+++ EXCERPTED DATA +++
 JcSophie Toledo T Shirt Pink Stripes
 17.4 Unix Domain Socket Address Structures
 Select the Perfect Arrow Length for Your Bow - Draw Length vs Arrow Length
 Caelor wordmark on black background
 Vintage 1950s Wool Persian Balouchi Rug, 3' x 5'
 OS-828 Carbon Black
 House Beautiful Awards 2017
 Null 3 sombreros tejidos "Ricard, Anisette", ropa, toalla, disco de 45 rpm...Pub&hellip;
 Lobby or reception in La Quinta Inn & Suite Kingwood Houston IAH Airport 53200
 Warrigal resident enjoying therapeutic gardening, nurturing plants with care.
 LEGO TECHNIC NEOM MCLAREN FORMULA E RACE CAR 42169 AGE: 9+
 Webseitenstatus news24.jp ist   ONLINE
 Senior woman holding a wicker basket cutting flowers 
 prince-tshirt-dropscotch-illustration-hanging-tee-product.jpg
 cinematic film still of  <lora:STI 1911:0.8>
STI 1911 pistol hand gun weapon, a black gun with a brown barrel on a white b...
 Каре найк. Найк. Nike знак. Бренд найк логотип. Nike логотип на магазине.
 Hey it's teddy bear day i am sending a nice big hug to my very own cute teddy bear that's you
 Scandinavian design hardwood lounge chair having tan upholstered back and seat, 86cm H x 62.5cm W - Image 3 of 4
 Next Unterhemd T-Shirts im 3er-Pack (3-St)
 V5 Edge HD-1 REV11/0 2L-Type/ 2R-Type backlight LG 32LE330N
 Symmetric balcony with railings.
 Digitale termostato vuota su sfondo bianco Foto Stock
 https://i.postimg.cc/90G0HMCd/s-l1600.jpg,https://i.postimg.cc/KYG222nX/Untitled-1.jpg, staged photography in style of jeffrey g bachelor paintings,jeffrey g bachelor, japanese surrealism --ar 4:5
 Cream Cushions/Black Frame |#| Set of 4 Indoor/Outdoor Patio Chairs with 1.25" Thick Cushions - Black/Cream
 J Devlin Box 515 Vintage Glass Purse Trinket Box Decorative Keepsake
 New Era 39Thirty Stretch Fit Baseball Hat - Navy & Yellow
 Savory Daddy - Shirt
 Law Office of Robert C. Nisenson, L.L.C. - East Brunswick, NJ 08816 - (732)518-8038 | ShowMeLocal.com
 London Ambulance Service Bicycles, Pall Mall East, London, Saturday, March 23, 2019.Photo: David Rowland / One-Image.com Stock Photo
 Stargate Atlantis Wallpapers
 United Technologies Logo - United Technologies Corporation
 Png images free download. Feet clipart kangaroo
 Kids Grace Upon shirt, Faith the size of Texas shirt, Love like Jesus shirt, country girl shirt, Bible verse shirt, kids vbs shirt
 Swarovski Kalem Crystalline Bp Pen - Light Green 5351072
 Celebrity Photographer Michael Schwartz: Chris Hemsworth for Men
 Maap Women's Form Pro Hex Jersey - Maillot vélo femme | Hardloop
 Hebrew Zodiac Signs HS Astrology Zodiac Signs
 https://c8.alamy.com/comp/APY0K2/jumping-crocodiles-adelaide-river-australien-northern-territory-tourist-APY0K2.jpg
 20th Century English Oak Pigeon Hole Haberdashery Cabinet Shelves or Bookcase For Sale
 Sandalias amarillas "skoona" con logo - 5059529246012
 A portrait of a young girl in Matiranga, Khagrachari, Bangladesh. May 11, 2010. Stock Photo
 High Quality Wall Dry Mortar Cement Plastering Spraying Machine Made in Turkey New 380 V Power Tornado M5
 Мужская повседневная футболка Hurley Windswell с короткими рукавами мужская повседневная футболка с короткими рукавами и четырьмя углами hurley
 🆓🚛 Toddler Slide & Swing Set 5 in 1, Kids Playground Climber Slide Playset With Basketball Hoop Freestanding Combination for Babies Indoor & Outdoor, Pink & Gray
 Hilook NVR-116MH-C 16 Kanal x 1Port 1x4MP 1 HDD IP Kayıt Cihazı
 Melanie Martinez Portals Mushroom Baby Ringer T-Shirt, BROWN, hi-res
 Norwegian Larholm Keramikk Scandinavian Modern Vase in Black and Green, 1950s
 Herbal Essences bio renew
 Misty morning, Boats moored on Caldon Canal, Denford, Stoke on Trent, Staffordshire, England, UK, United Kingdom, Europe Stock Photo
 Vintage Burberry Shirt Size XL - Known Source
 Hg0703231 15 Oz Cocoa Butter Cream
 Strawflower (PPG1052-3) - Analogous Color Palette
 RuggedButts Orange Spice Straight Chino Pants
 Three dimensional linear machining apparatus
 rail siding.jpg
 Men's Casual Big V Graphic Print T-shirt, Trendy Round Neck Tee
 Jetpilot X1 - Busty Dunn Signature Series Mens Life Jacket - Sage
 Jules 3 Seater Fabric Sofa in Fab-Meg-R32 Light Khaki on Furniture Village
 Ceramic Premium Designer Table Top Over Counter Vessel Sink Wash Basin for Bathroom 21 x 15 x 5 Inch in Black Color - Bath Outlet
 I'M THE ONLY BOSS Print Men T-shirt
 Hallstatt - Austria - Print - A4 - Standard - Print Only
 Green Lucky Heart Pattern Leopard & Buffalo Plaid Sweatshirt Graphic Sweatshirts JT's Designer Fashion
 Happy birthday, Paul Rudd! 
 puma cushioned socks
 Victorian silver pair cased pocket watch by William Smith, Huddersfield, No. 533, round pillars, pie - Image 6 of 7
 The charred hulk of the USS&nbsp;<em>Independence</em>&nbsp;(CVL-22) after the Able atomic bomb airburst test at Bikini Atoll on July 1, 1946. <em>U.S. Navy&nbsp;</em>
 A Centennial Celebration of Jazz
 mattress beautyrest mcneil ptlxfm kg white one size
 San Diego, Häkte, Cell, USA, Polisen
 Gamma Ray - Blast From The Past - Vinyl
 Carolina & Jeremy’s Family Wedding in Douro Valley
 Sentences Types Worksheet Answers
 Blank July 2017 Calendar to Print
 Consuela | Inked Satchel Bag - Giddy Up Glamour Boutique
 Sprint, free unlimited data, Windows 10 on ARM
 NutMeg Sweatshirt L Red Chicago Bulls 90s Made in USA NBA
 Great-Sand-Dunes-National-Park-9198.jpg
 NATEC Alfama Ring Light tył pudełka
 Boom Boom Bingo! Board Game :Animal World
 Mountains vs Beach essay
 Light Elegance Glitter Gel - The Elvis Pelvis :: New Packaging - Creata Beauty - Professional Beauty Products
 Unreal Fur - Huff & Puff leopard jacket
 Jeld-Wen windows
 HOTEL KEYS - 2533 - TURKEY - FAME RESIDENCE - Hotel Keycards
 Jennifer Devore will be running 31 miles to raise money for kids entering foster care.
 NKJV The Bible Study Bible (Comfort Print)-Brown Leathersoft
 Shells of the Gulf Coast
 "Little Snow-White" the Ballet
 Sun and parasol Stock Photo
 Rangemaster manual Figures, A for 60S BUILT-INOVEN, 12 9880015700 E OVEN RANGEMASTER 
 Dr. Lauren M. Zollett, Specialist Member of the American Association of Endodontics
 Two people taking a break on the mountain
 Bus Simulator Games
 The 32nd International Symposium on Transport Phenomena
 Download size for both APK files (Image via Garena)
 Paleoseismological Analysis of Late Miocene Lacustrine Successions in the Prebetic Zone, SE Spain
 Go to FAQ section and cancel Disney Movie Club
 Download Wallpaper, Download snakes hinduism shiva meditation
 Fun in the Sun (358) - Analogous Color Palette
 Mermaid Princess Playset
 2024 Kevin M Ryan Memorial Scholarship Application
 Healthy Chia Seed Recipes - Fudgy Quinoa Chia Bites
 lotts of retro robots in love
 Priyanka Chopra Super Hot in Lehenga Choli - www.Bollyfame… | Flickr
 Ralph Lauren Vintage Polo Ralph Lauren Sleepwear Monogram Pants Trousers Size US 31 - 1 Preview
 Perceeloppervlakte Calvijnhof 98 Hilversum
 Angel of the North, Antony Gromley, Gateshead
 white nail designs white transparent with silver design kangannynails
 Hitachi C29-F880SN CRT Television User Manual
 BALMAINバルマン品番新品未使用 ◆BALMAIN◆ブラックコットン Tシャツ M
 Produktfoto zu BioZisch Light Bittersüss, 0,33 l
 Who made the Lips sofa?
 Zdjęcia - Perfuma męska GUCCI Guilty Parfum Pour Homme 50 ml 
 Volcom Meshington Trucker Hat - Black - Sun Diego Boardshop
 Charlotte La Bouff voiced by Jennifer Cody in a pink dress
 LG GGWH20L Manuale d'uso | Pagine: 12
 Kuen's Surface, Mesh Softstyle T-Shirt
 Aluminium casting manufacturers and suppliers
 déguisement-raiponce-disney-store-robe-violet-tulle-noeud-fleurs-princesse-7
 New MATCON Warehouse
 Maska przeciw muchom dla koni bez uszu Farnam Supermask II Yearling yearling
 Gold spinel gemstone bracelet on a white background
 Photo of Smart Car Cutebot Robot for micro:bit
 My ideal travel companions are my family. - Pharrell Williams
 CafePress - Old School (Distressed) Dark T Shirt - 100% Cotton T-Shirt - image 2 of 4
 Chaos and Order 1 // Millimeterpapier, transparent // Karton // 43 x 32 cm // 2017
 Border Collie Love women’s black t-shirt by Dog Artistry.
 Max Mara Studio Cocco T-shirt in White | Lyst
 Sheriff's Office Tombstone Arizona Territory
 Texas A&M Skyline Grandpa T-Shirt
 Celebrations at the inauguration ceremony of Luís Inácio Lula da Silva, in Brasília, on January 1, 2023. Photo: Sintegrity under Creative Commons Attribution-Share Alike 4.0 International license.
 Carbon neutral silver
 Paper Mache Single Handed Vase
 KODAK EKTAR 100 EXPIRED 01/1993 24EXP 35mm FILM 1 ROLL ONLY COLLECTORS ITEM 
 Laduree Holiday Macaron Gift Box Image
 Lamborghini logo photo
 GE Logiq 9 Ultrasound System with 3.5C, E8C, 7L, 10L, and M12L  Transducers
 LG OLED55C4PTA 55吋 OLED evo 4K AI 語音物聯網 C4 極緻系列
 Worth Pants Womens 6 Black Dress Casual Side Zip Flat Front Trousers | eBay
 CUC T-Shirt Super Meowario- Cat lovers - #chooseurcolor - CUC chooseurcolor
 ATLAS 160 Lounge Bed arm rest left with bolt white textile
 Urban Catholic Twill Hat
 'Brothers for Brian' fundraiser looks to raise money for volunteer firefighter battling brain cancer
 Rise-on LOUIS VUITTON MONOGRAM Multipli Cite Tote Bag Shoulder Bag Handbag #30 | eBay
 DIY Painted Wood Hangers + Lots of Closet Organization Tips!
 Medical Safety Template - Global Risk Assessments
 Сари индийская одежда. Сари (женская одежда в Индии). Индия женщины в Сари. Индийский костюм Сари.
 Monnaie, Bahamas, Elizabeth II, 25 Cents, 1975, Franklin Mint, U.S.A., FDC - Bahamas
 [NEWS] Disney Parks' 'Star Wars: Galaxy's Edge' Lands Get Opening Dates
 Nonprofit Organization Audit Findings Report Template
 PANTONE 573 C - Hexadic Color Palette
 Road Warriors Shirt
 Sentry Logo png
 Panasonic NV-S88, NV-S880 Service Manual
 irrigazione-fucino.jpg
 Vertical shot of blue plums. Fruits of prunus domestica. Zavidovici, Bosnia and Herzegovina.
+++
__EXERCISE PROMPT__
Every line of the material that includes the word "Office" needs to be copied.

__RESULT FOR THIS TASK__
 Law Office of Robert C. Nisenson, L.L.C. - East Brunswick, NJ 08816 - (732)518-8038 | ShowMeLocal.com
 Sheriff's Office Tombstone Arizona Territory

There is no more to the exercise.